# removing a tea stain



## newfieannie (Dec 24, 2006)

I have spilled a cup of tea on my off-white carpet. this was 2 days ago. i have pre-treated it and then used my shampooer.put lestoil on it and then scrubbed it with a brush.nothings happening and it's very noticeable.anyone have any ideas on what i could try next? ~Georgia.


----------



## Baba (Aug 7, 2008)

Oxy clean


----------



## newfieannie (Dec 24, 2006)

Thanks Baba! i dont know this stuff but as soon as i get shovelled out i'll check the superstore and see if they have it. ~Georgia.


----------



## Wisconsin Ann (Feb 27, 2007)

Give hydrogen peroxide a try, if you can't get oxyclean.
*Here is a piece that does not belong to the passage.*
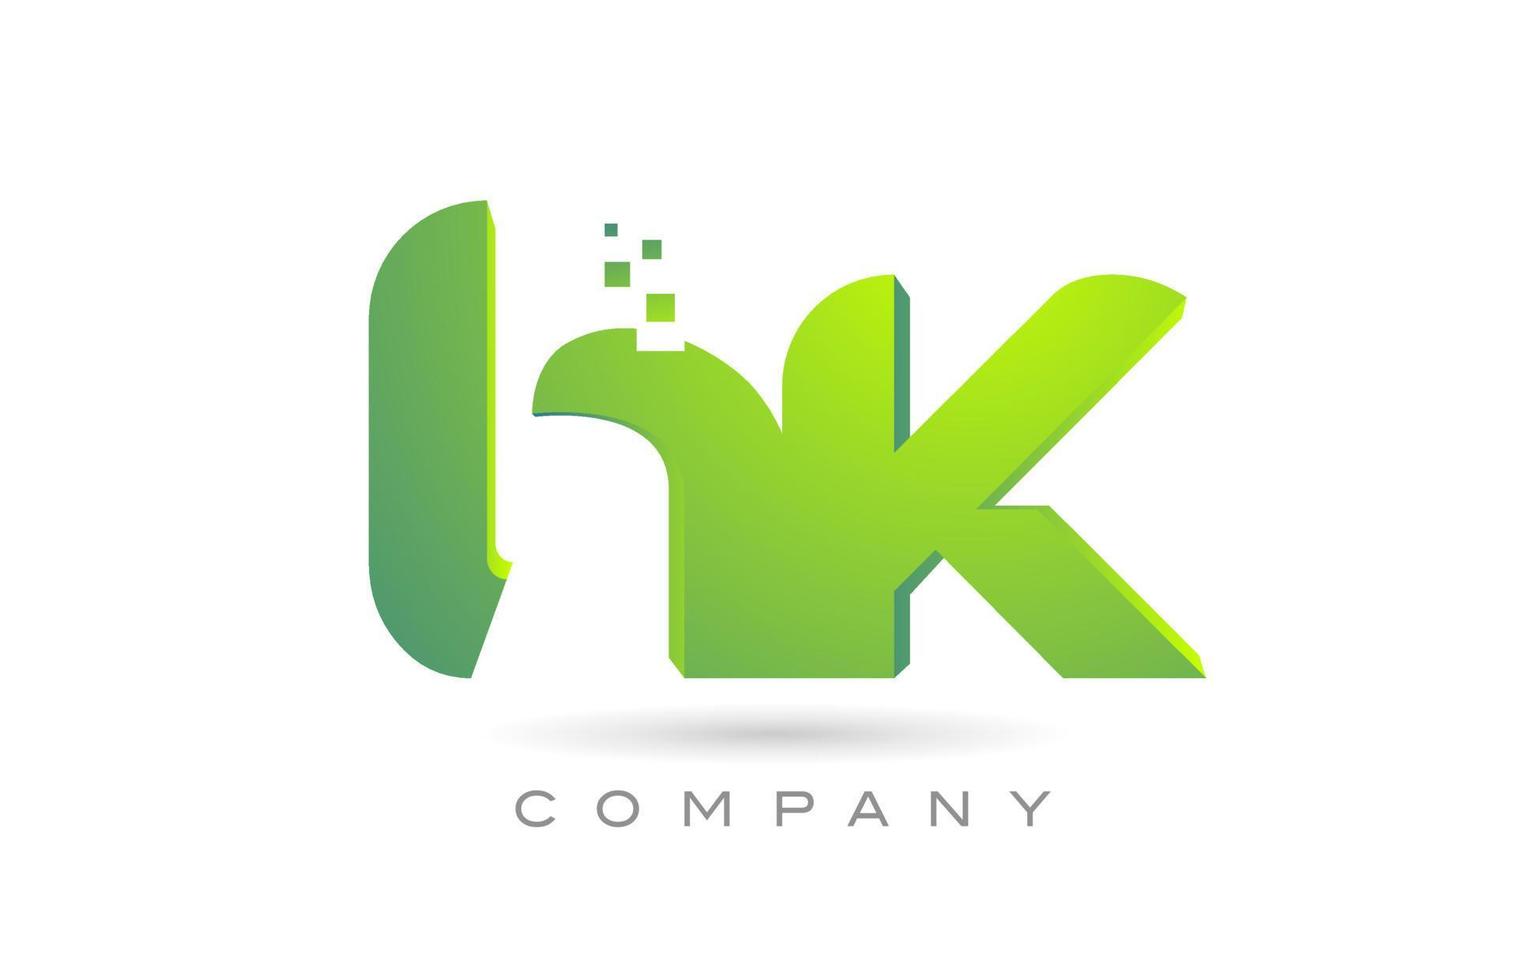 beigetretenes hk-Alphabet-Buchstaben-Logo-Symbol-Kombinationsdesign mit Punkten und grüner Farbe. kreative Vorlage für Unternehmen und Unternehmen vektor
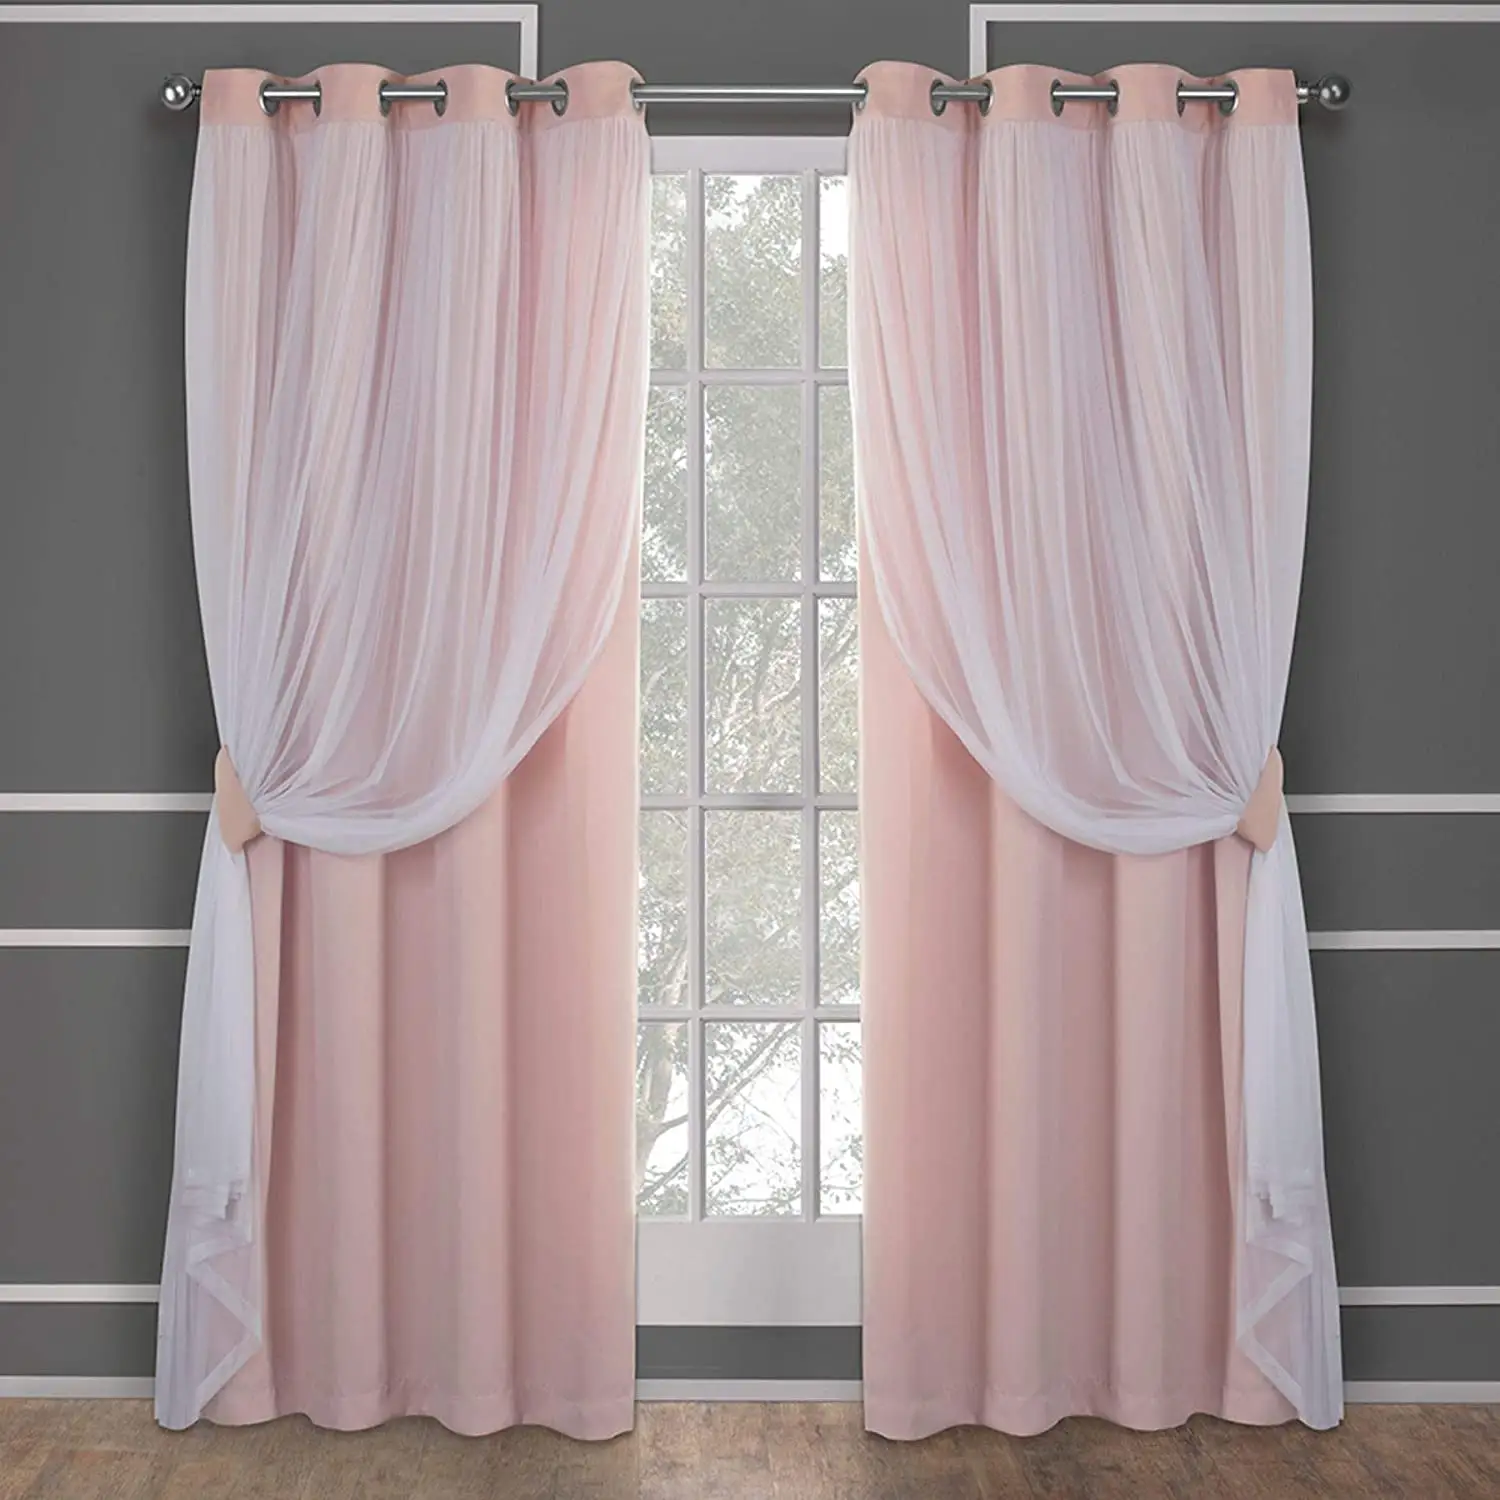 Cortinas opacas con revestimiento transparente para niñas, cortinas opacas de color rosa que combinan con cortinas transparentes blancas, cortinas de oscurecimiento para habitación elegante

Tea/tannin is actually a pretty good dye. You may have a problem.


----------



## newfieannie (Dec 24, 2006)

yes, that's what i was worried about. grandmother used tea to dyed her sheeps wool. i couldn't find oxyclean. i just put some peroxide on it to soak for a bit. thanks! ~Georgia.


----------



## 3ravens (Mar 16, 2006)

Hi Annie! If you can't find straight Oxyclean in the laundry soap section, some dish soaps have it as an added ingredient. The Rit dye people make a color/dye remover too, since your carpet is white.


----------



## newfieannie (Dec 24, 2006)

thanks 3Ravens. i'll try that too! i must say the peroxide took a bit of it out.~Georgia.


----------